*** Block opens ***

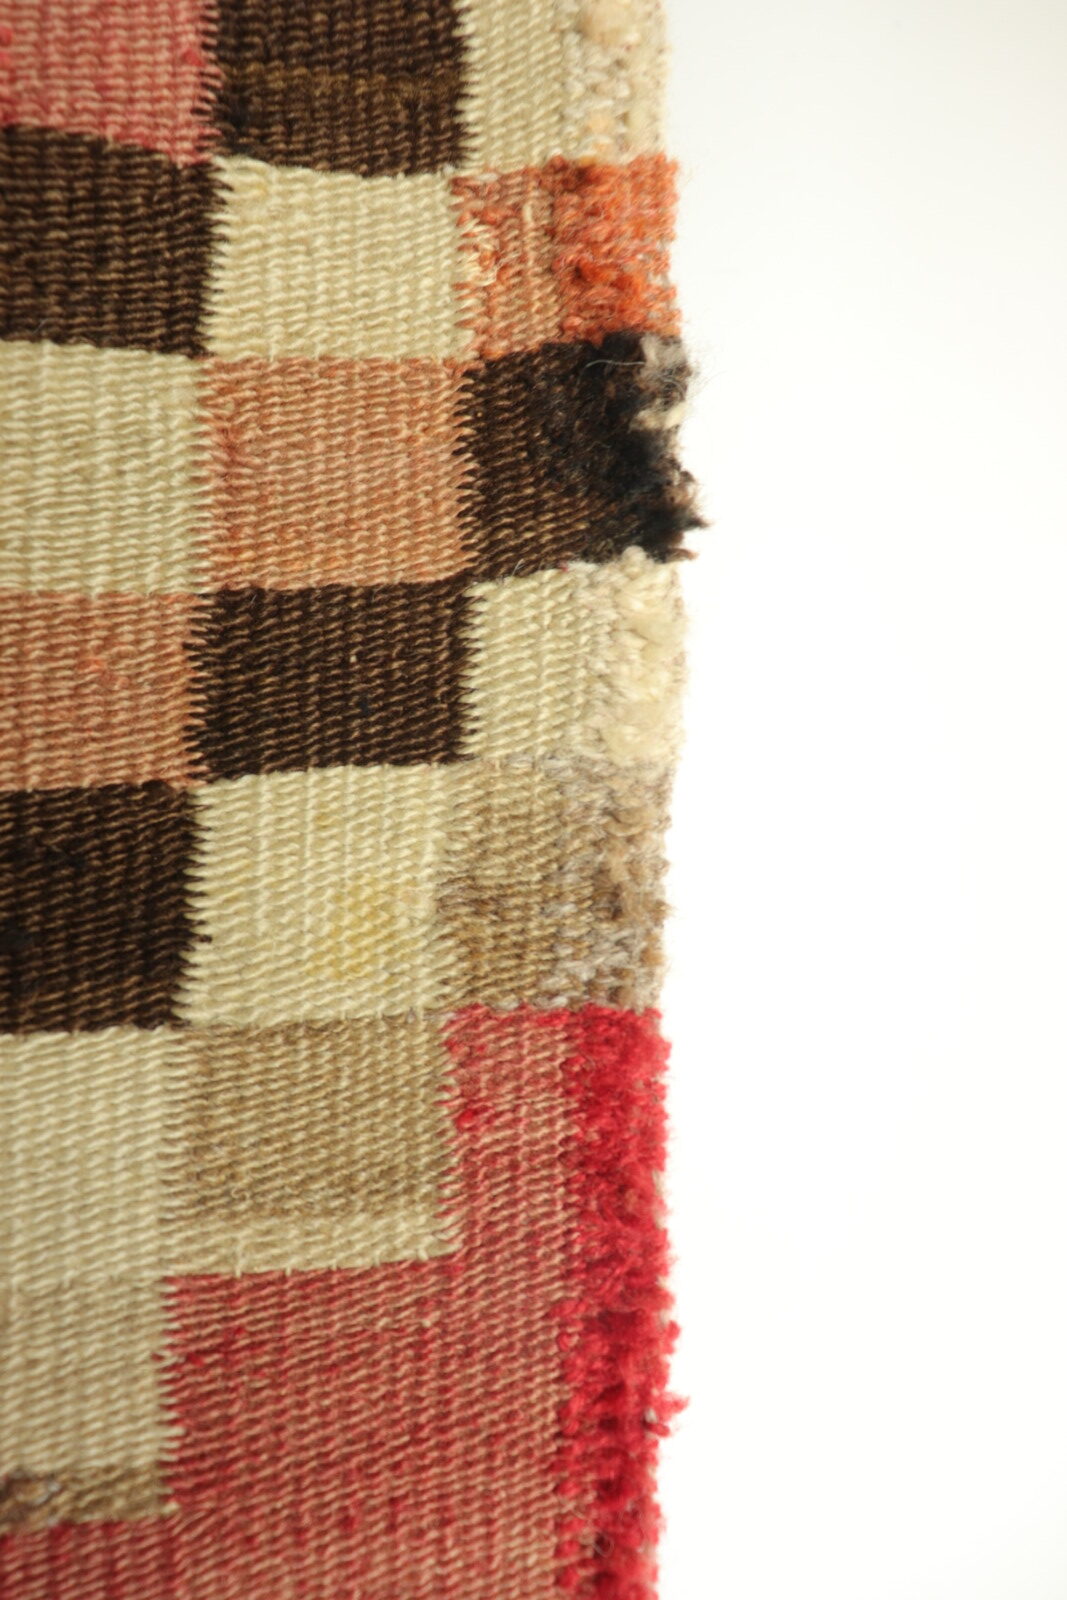 ~1920's,transitional blanket,navajo rug,antique,USA
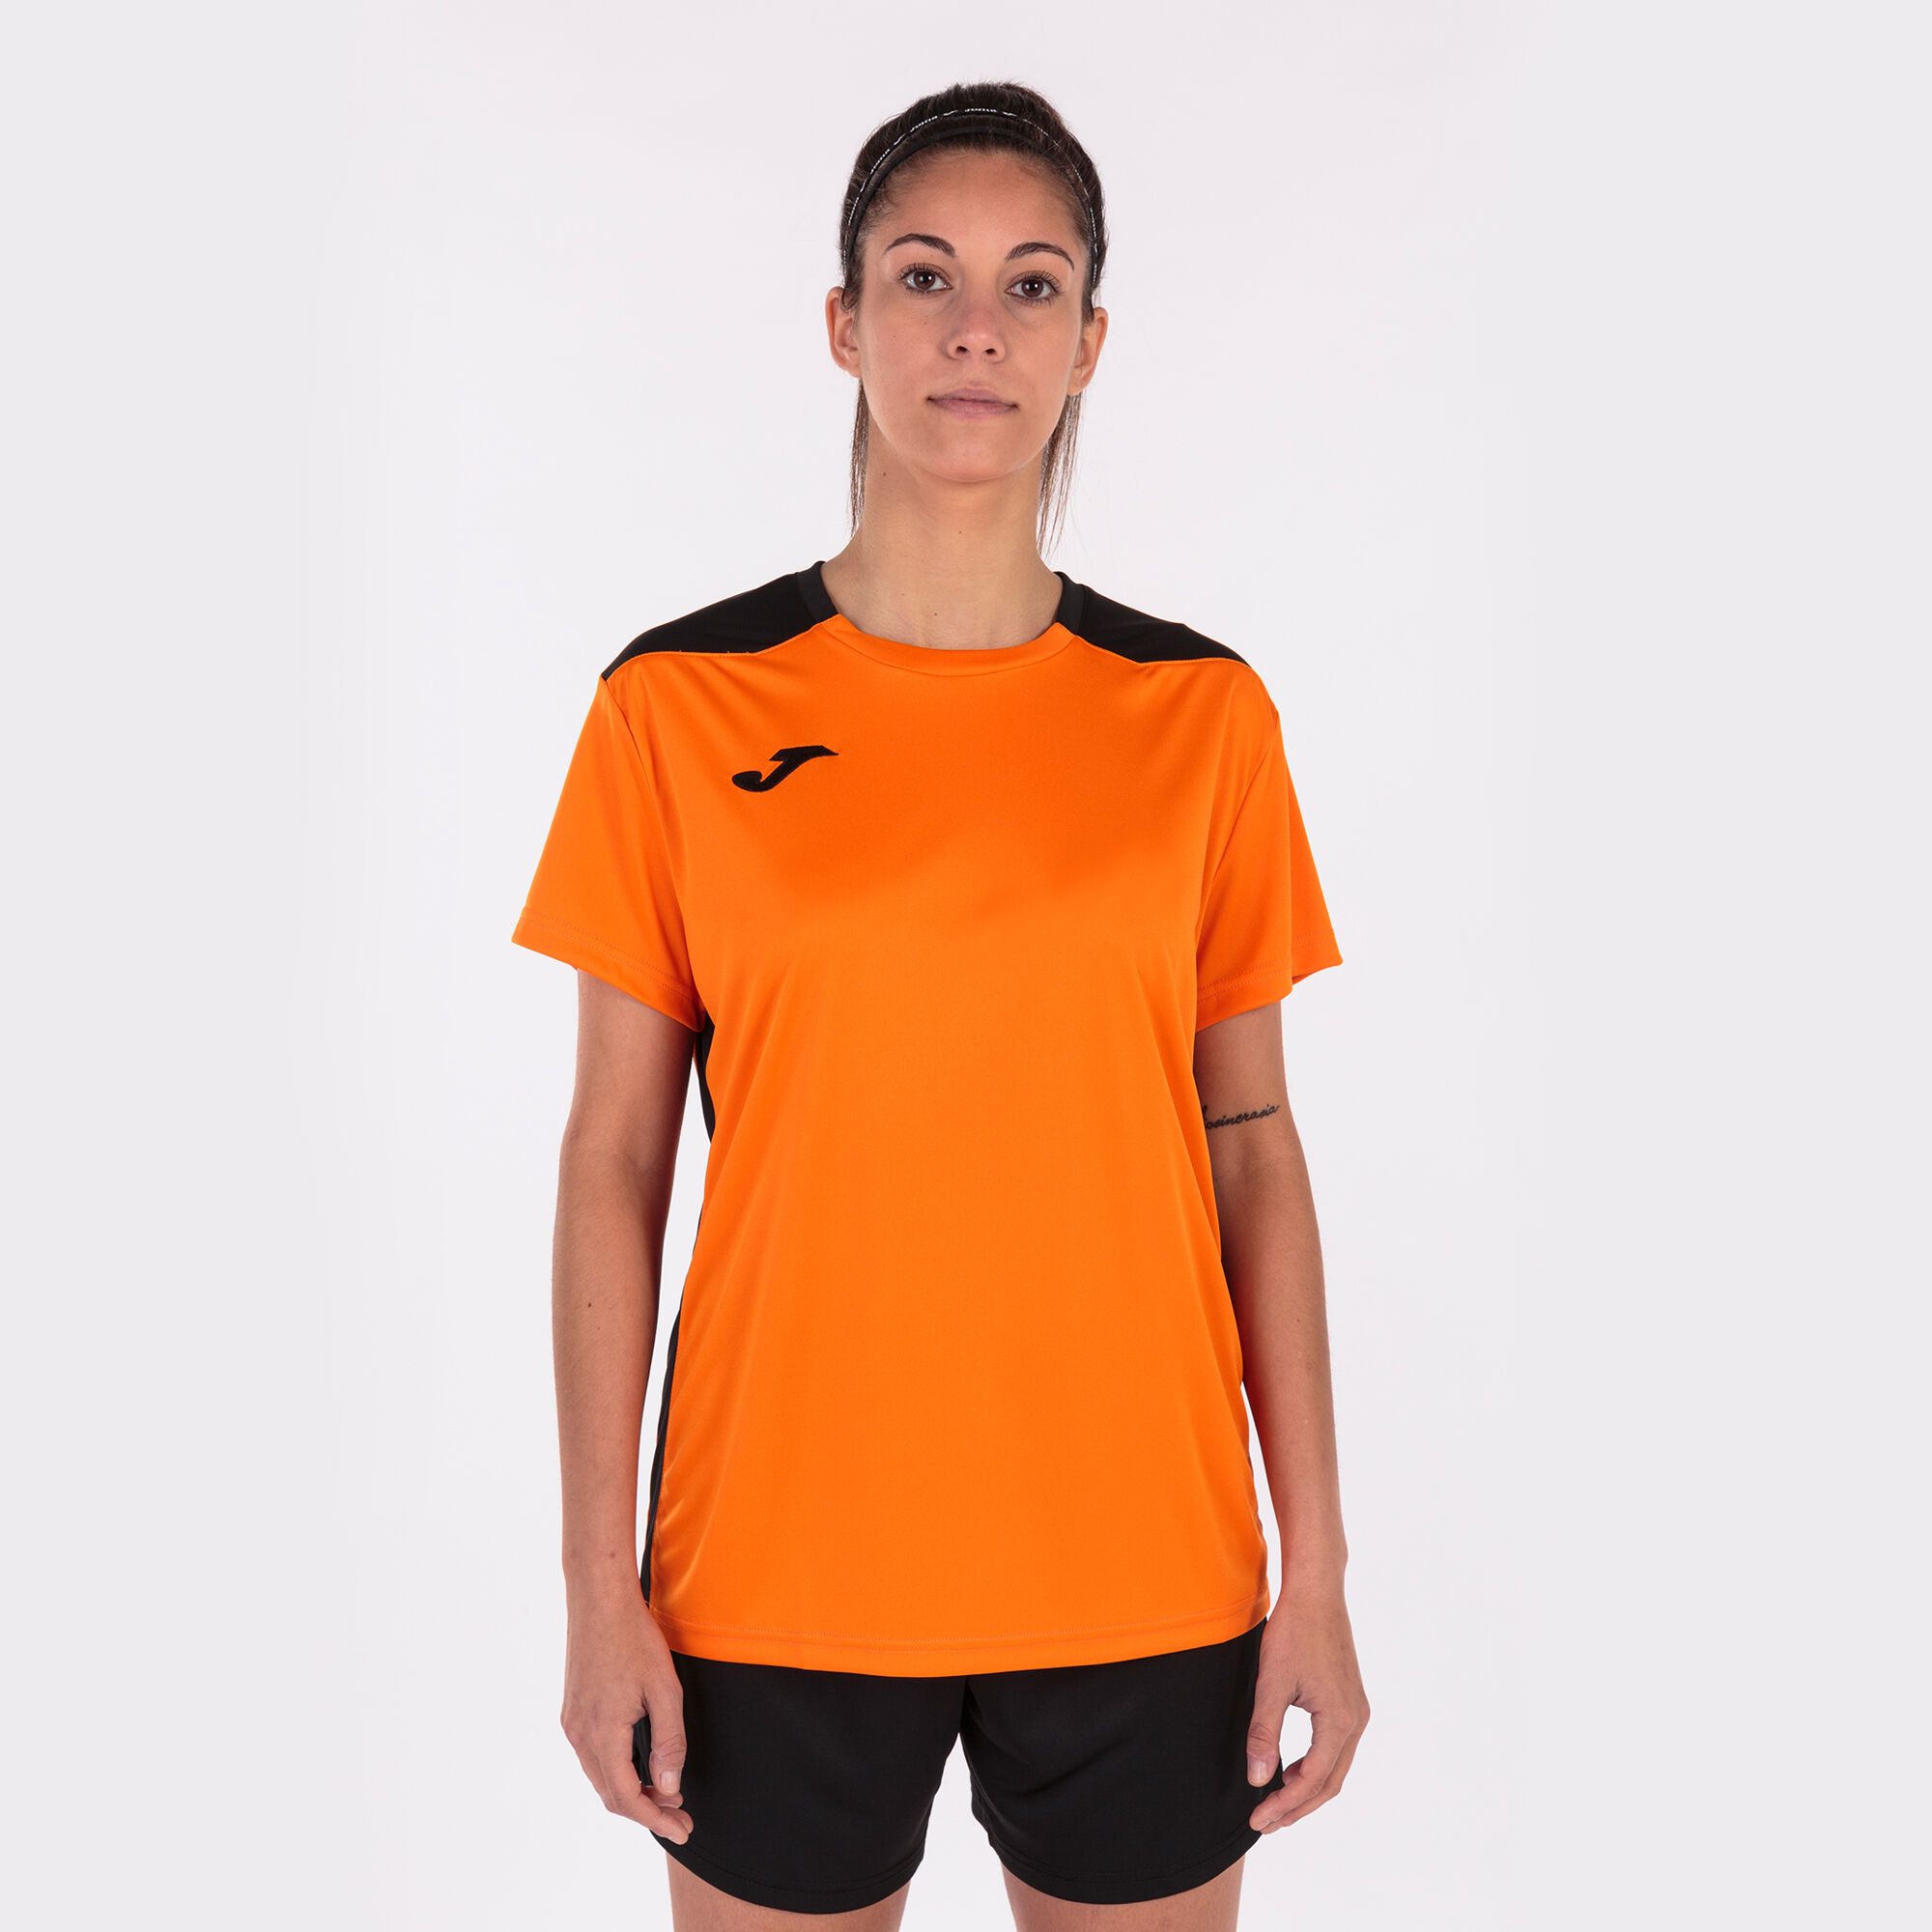 Camiseta manga corta mujer Championship VI naranja negro
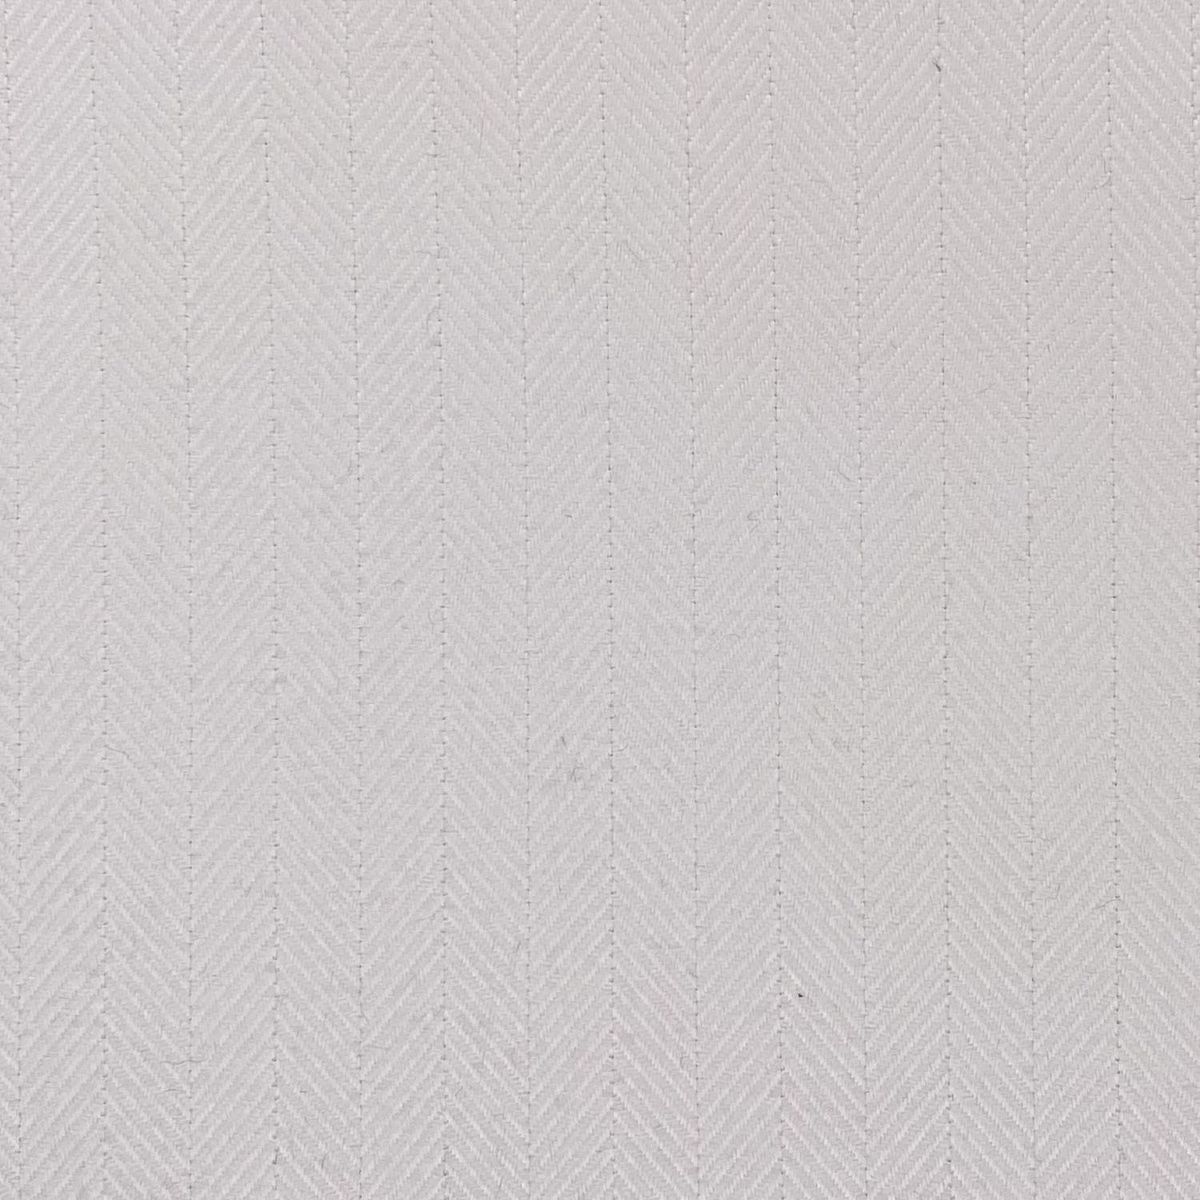 Tweed White Fabric by Chatham Glyn

*** Block closes ***

Exercise instructions
Could you set down the material above word for word while dropping its pictures?

Exercise answer
 ~1920's,transitional blanket,navajo rug,antique,USA
 Camiseta manga corta mujer Championship VI naranja negro
 Tweed White Fabric by Chatham Glyn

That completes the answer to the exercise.